Julia for HPC

Julia is, similar to Python and R, a very user oriented, flexible tool for computing and software development. But it appears very easy to be installed and adapted by users. Out of this reason, we do not provide a central julia installation. Still, a lot of questions appear about the usage of Julia on SuperMUC-NG. These are tried to get answered here. If something is missing, please open a service request on our Service Desk!

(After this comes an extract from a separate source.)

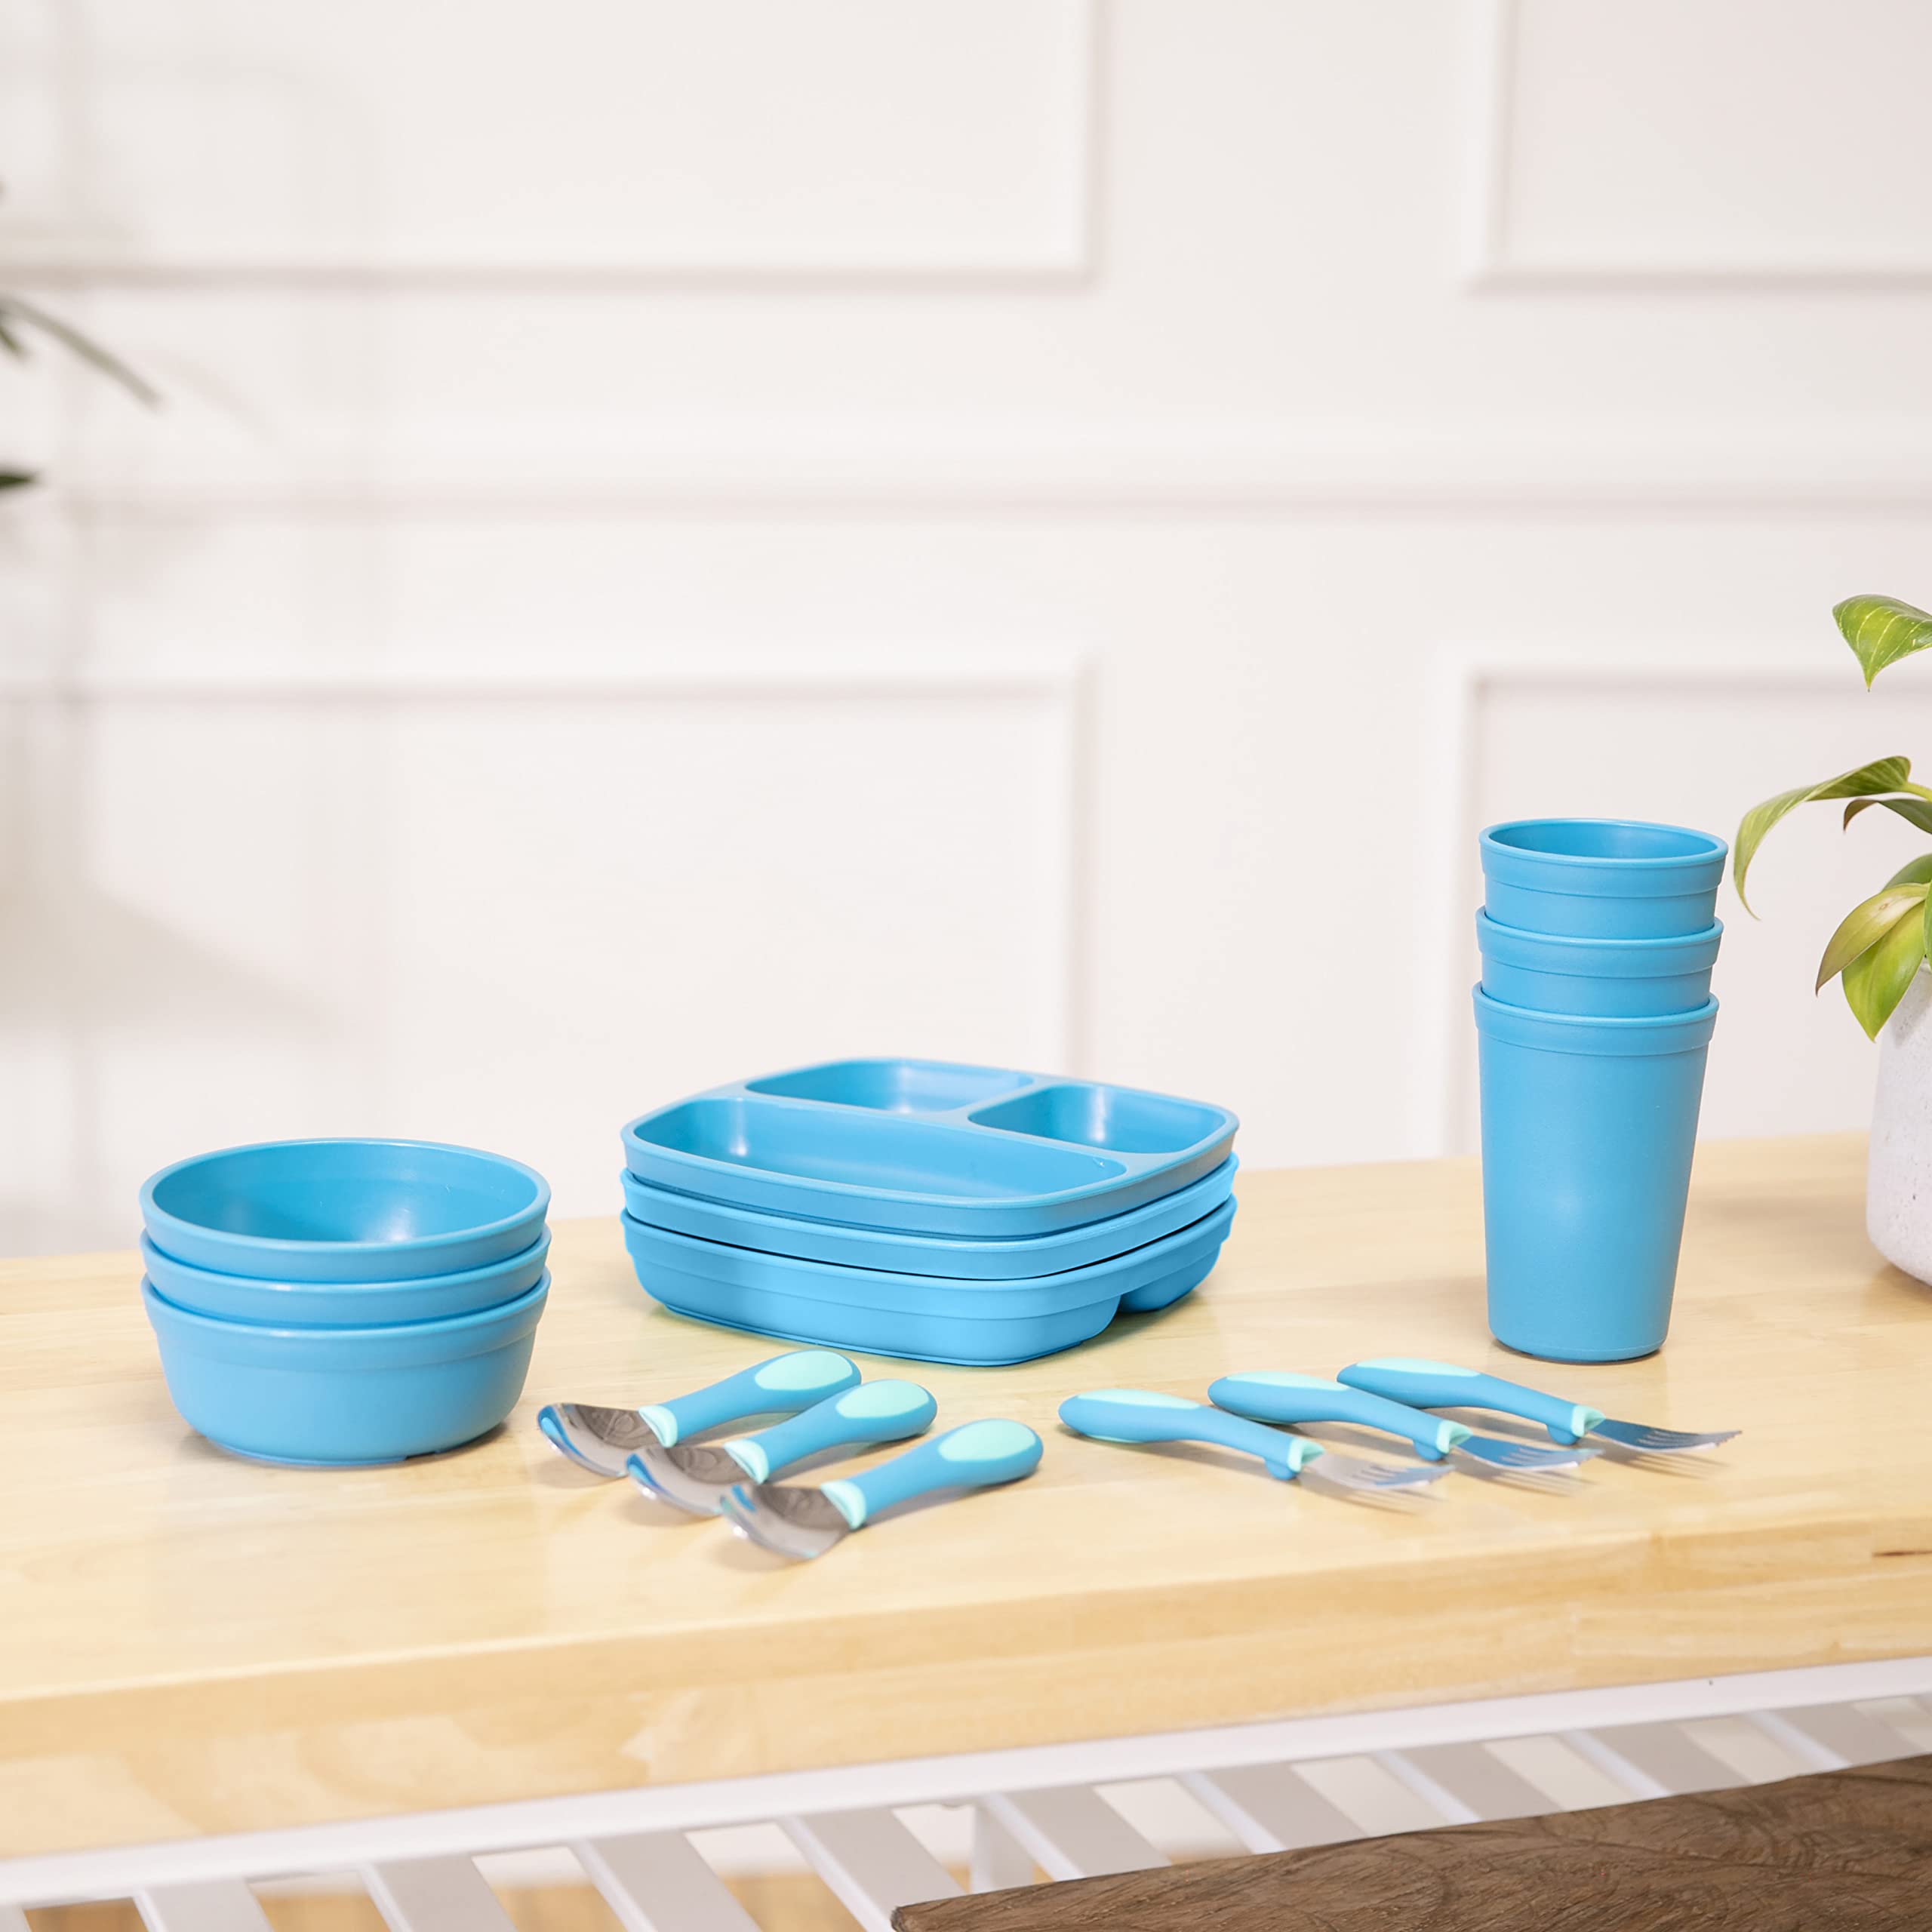 ECR4Kids My First Meal Pal Combo Set, Kids Plastic Tableware and Utensils, Children's Divided Plates, Bowls, Cups, Stainless Steel Spoons and Forks, Stackable and Dishwasher Safe, 15-Piece - Teal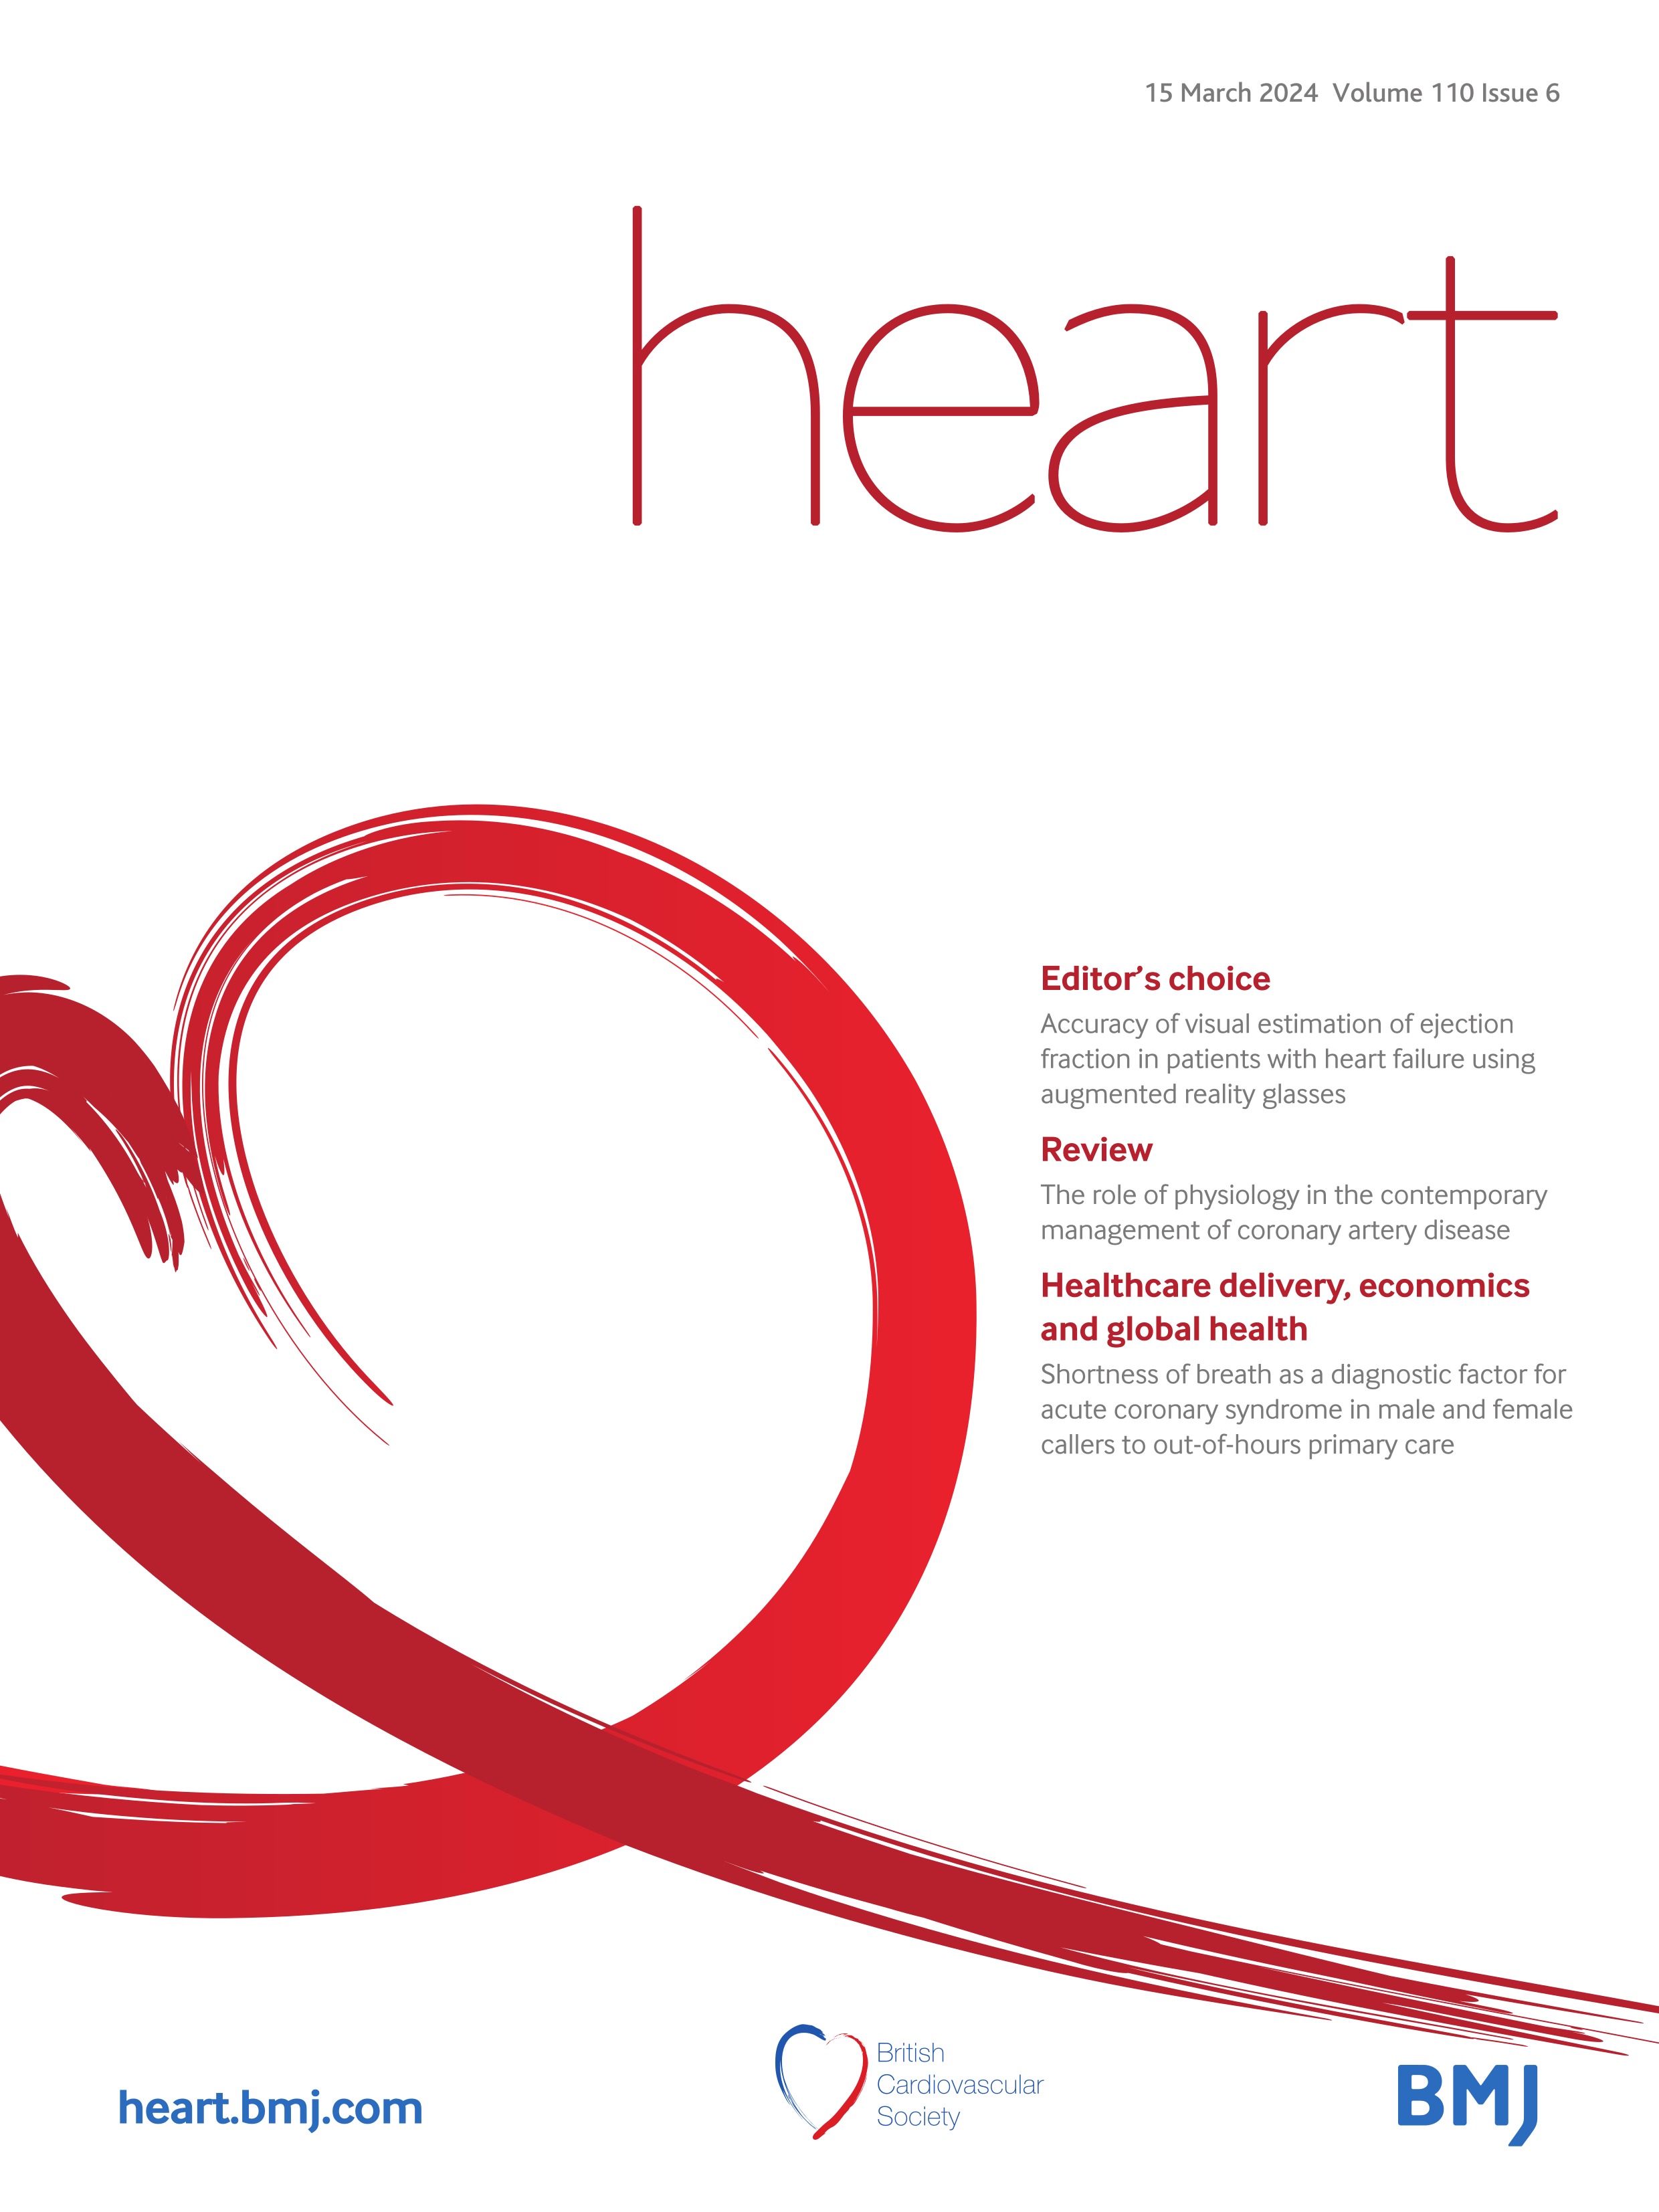 Prehospital triage in suspected myocardial infarction: a calculated risk?

Generally, the Julia Docu is a good point to obtain help!

Getting started

> module av julia 
----------- /lrz/sys/share/modules/files_sles15/tools -------------
julia/1.5.4  julia/1.6.5_lts  julia/1.7.0  julia/1.7.1  julia/1.7.2 
> module show julia/1.7.2

module-whatis   {Julia: Programming Framework}
> module load julia/1.7.2

We provide some basic modules centrally such as ClusterManagers, MPI, Plots and BenchmarkingTools. If more modules are centrally needed, please open a Service Request. Generally, however, users can load/install own packages (even project specific if needed). So, we try to minimize the number of centrally installed packages in order to avoid version requirement clashes. That's specifically true as Julia allows for a rather complex and dynamic package handling for each project, up to even including complete conda environments.

Installing Julia

The easiest way to get your own Julia into operation is via the download of the binary packages from the Julia Download Site.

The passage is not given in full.